Asthmatic Kitty is an American independent record label founded in 1999 by a community of musicians from Holland, Michigan led by Sufjan Stevens and his stepfather Lowell Brams. Some were Holland natives, and others had come to attend local colleges and universities. While the original Holland nucleus has dispersed across the country, the community has grown, with new artists and shared projects with other independent labels. The Library Catalog Music Series, inaugurated in 2009, showcases instrumental music by a wide variety of musicians, with eighteen albums in print as of February 2013, and more scheduled for release. Asthmatic Kitty is now based in Lander, Wyoming, Atlanta, Georgia and Brooklyn, New York.
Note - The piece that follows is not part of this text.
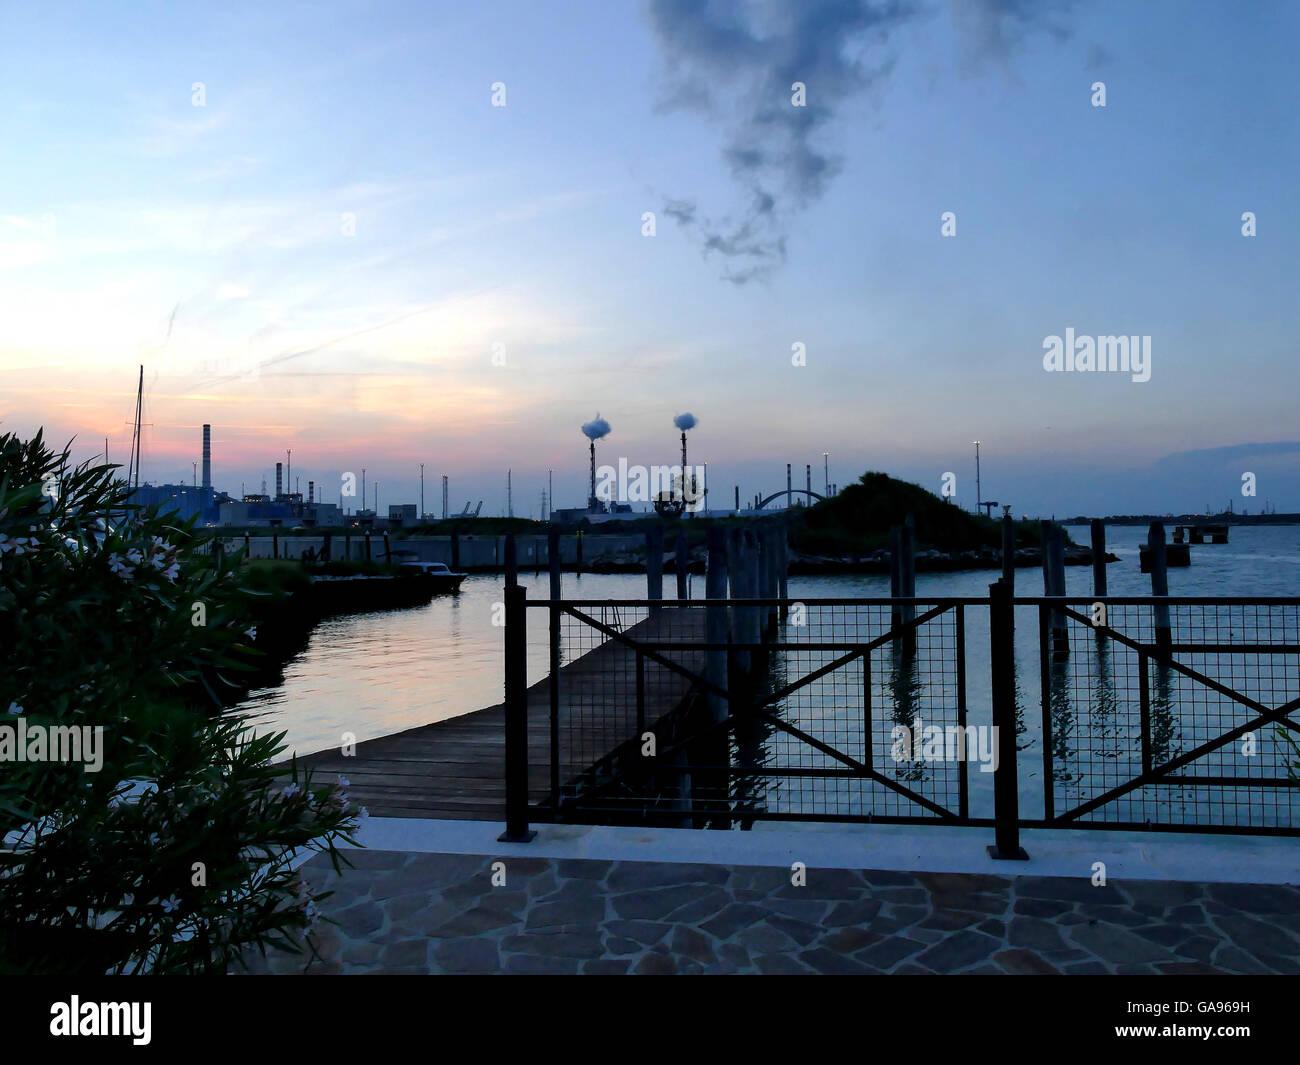 Oil refinery bursting smoke at sunset close to shore, Venice Italy - Stock Image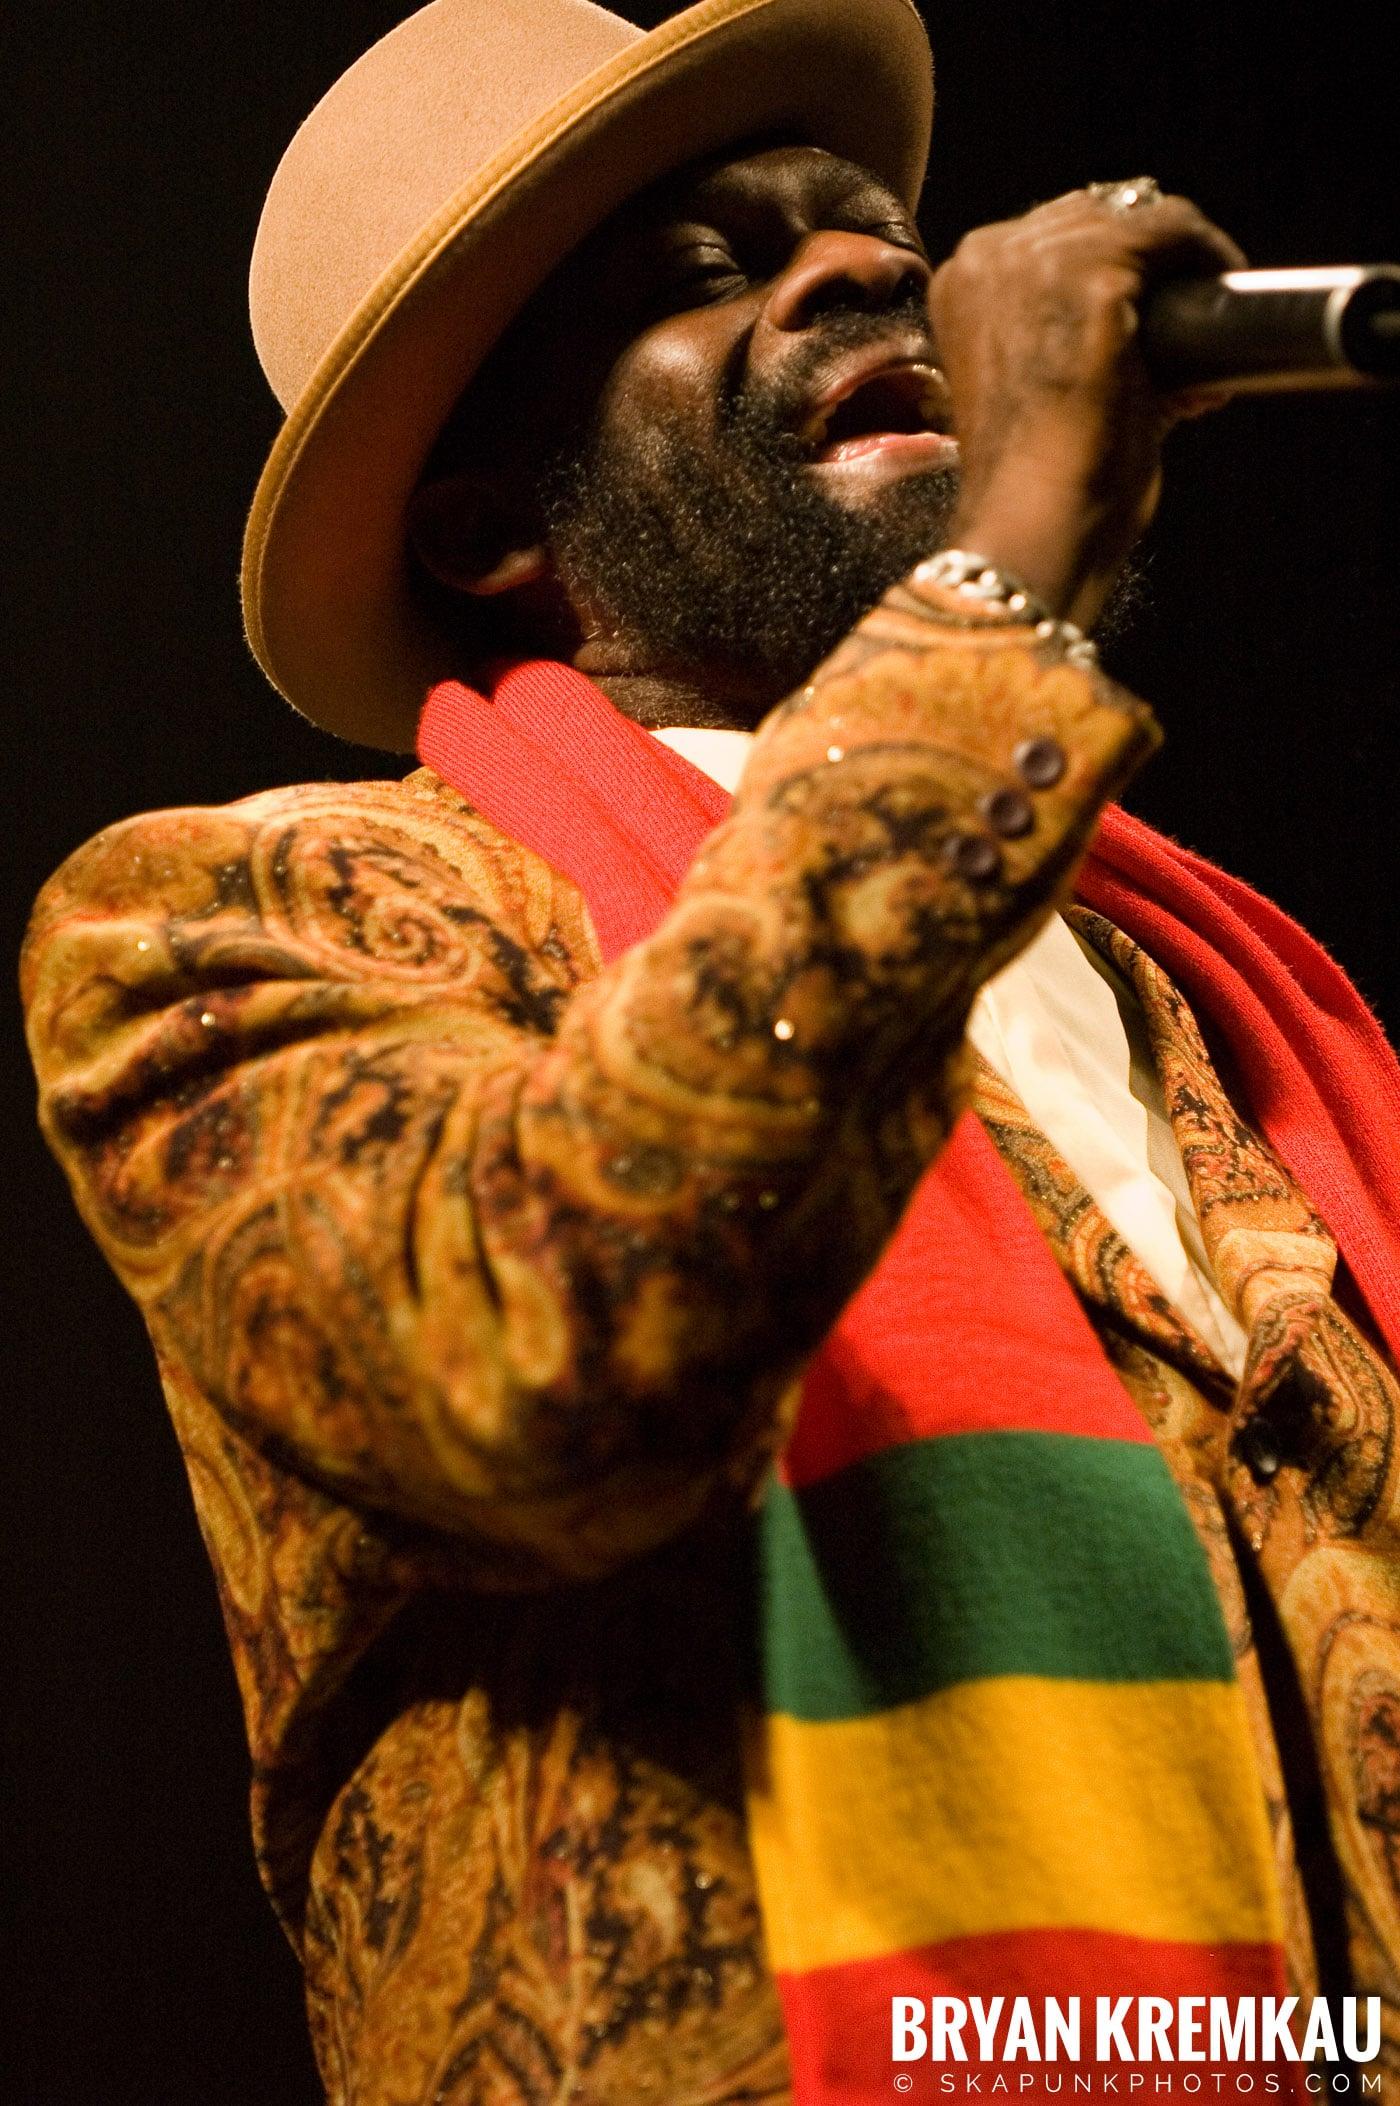 Jimmy Riley @ Vintage Reggae Fest - Hammerstein Ballroom, NYC - 12.16.07 (8)

The label's name refers to Sara, a stray with feline asthma adopted by Lowell in 1994. From 2002 on, she lived in Lander, Wyoming (elevation 5,358 ft / 1,633 m), where the thin, dry air alleviated most of her asthma symptoms. Sara died in December 2008, aged fifteen or sixteen years old.

Unusual Animals 2007–2010 was a special series of limited edition vinyl, parties, art and music events. In 2007 The Unusual Animals Project Space founded by Michael Kaufmann at the Harrison Center for the Arts in Indianapolis featured exhibitions by Cindy Hinant and Stuart Snoddy.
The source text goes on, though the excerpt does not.